Problem to work on → With every picture left out, restate the listing below exactly as written.

Data below →
Segment Open
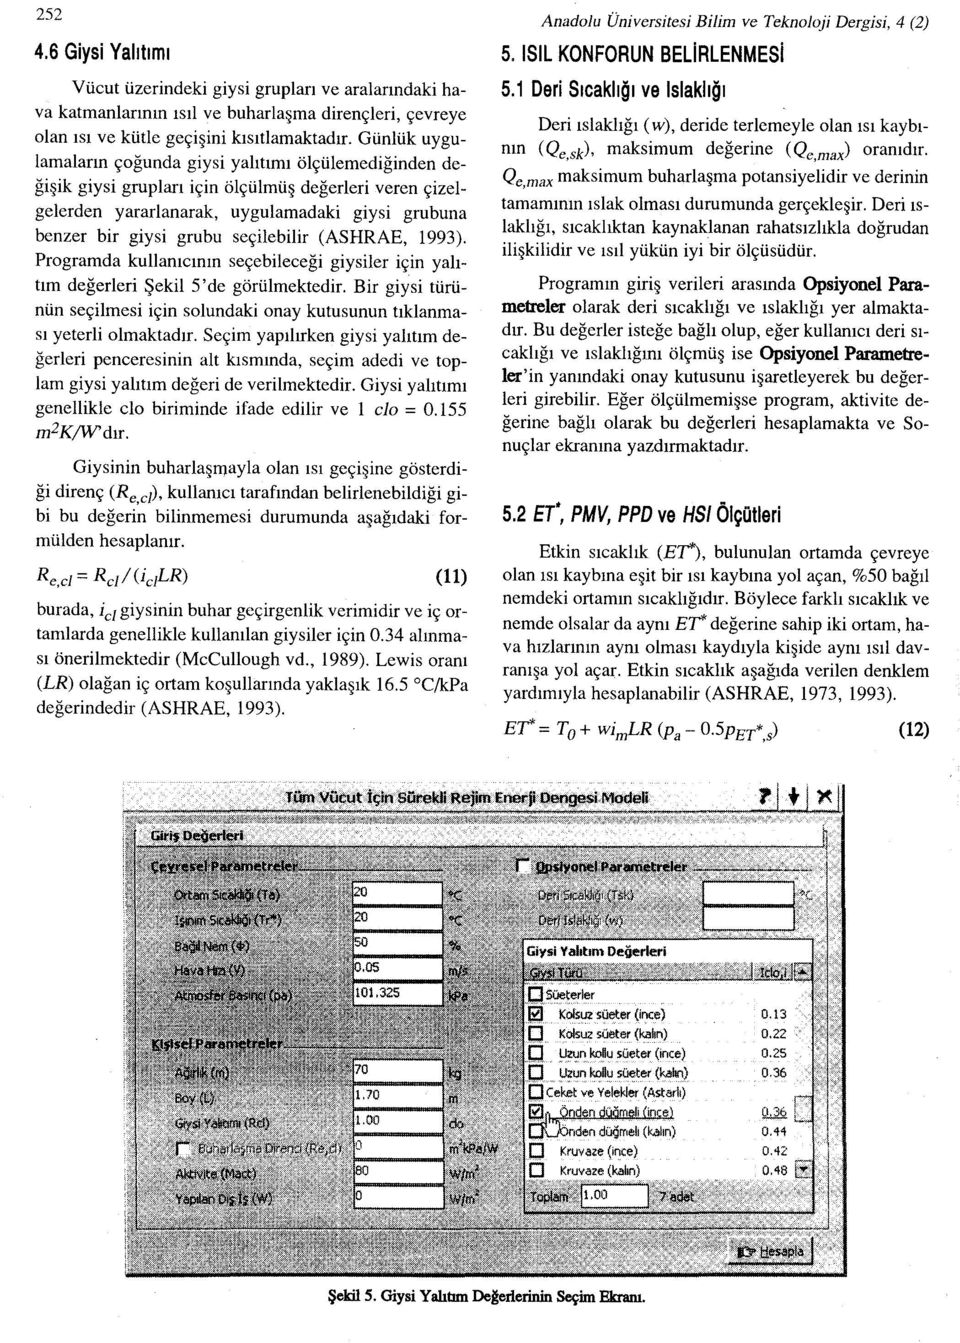 seçilebilir (ASHRAE, 1993). Programda kullanıcının seçebileceği giysiler için yalıtım değerleri Şekil 5'de görülmektedir.
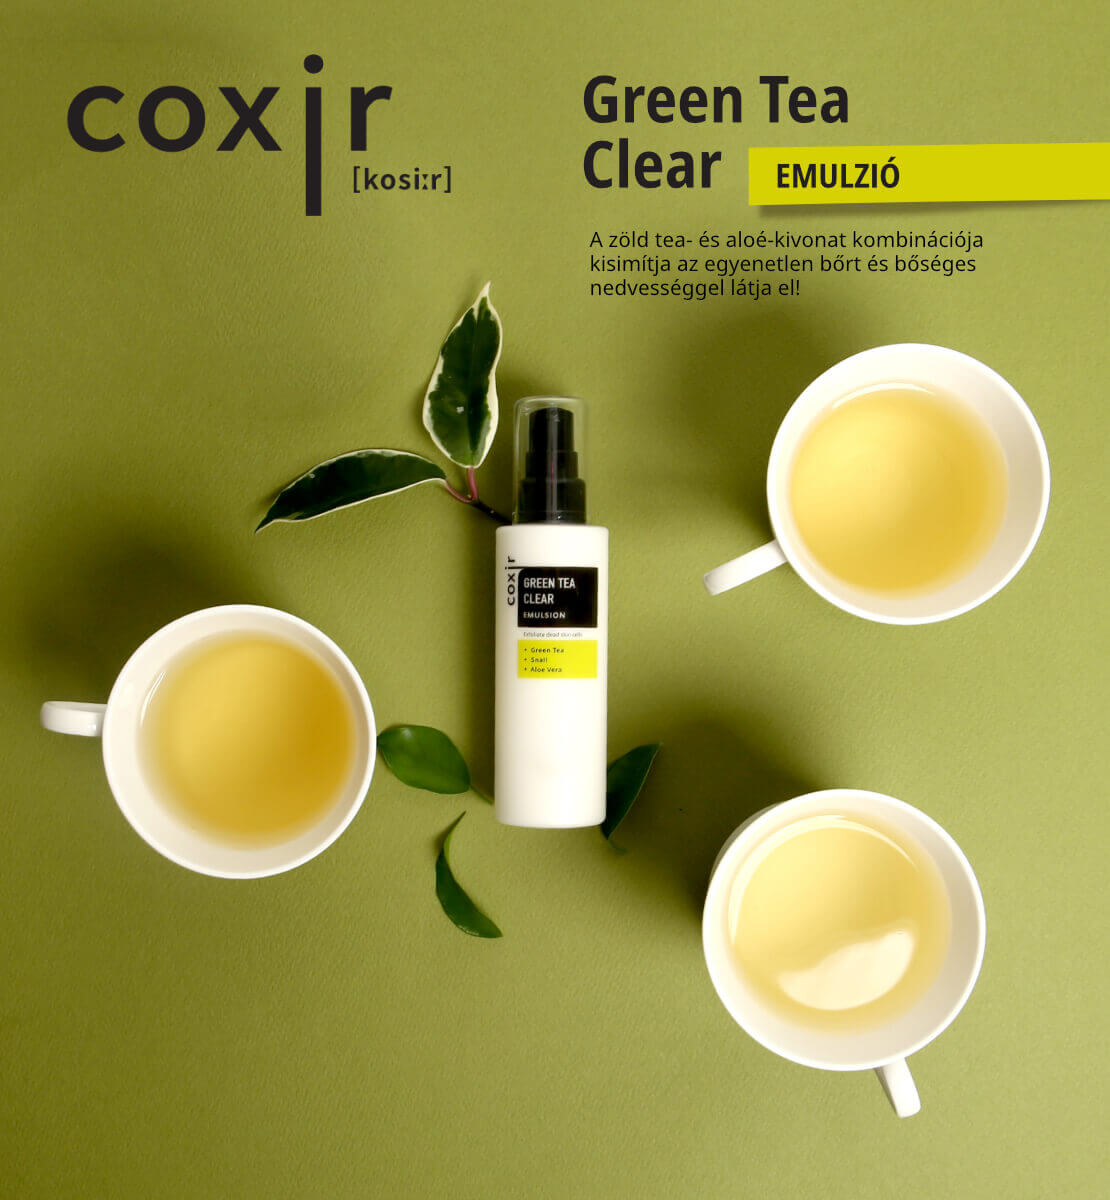 coxir-green-tea-clear-emulzio-leiras
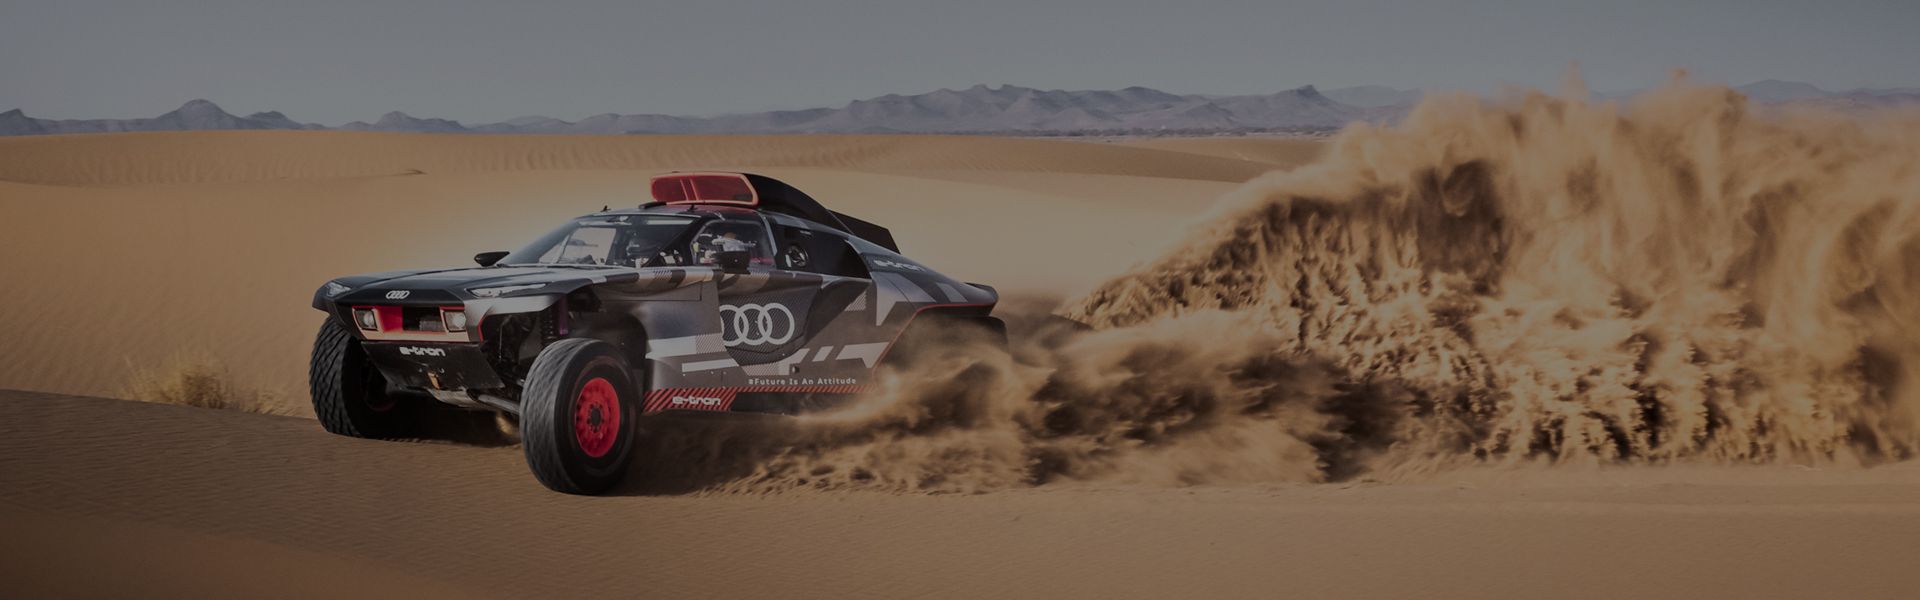 L'Audi RS Q e-tron traverse un paysage désertique.
Segment Closed
Exercise response →
 seçilebilir (ASHRAE, 1993). Programda kullanıcının seçebileceği giysiler için yalıtım değerleri Şekil 5'de görülmektedir.
 coxir-green-tea-clear-emulzio-leiras
 L'Audi RS Q e-tron traverse un paysage désertique.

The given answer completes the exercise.